Apache Hive: 5 facts

  1. Hive is a SQL-like layer on top of Hadoop
  2. Use it when you have some sort of structure to your data.
  3. You can use JDBC and ODBC drivers to interface with your traditional systems. However, it’s not high performance.
  4. Originally built by (and still used by) Facebook to bring traditional database concepts into Hadoop in order to perform analytics. Also used by Netflix to run daily summaries.
  5. Pig is sometimes compared to Hive, in that they are both “languages” that are layered on top of Hadoop. However, Pig is more analogous to a procedural language to write applications, while Hive is targeted at traditional DB programmers moving over to Hadoop.

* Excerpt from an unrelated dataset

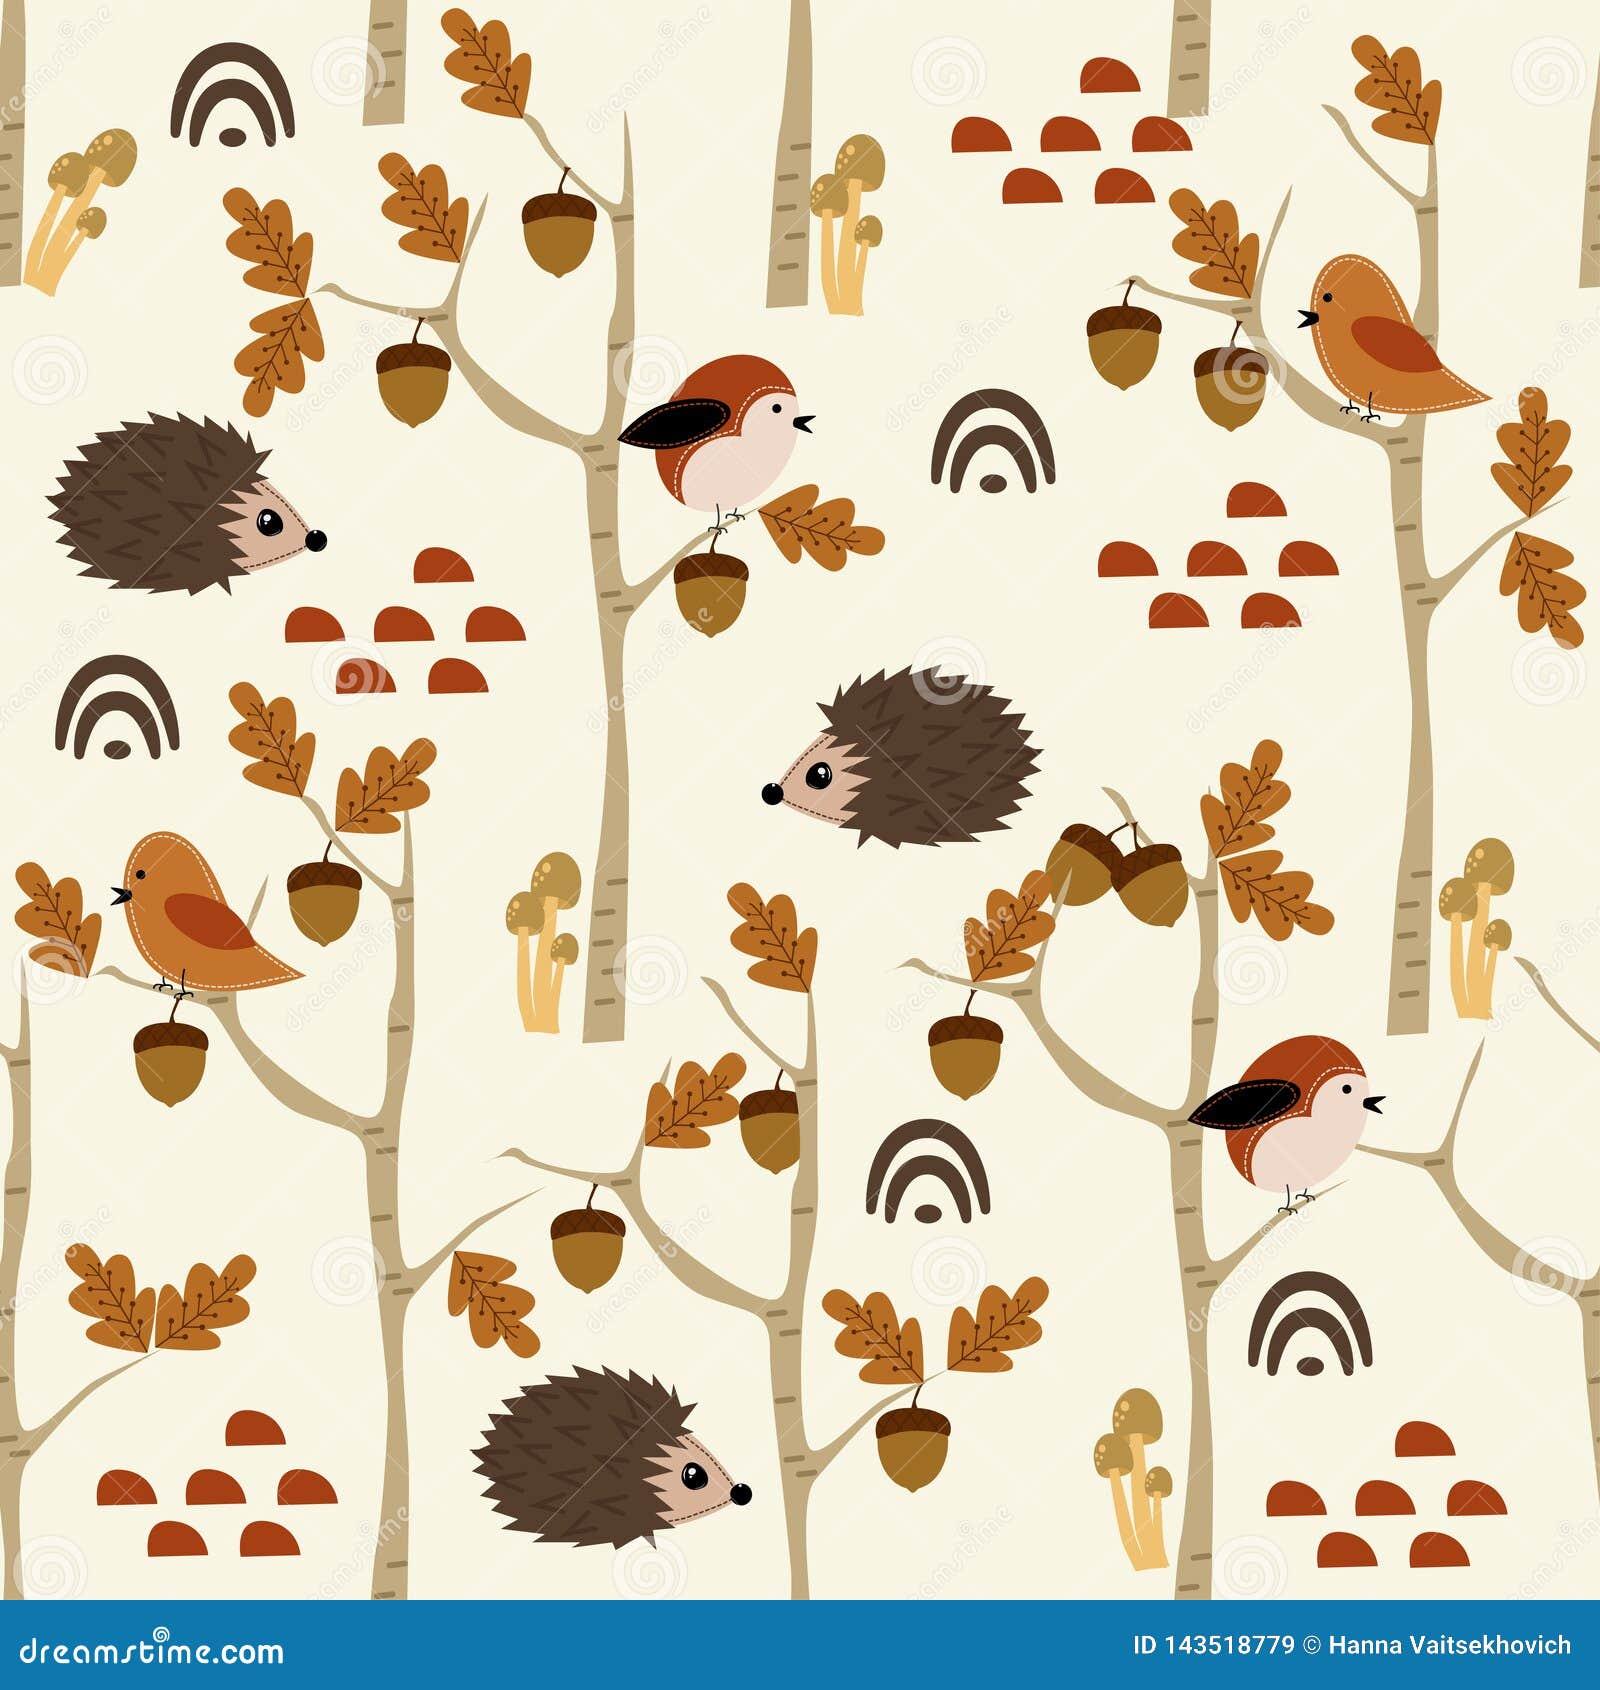 Naadloos patroon met egel en eikel in bos - vectorillustratie, eps

Hive can be used to program MapReduce using a subset of SQL

Hive enables MapReduce to be programmed using something that looks like SQL, instead of a procedural language like Java or Python. This is useful if a team of database, as opposed to application, programmers are called upon to program MapReduce.

Using Hive tables requires defining a schema.

The SQL-like language (called HiveQL) is converted to a MapReduce job.

Hue is a browser based GUI within which you can do Hive work. You type your query and see tabular results. Hue has ODBC drivers, and can export a CSV to Excel.

The Apache page for Hive calls it “a data warehouse system for Hadoop that facilitates easy data summarization, ad-hoc queries, and the analysis of large datasets.” I’m not sure how the data warehouse piece applies.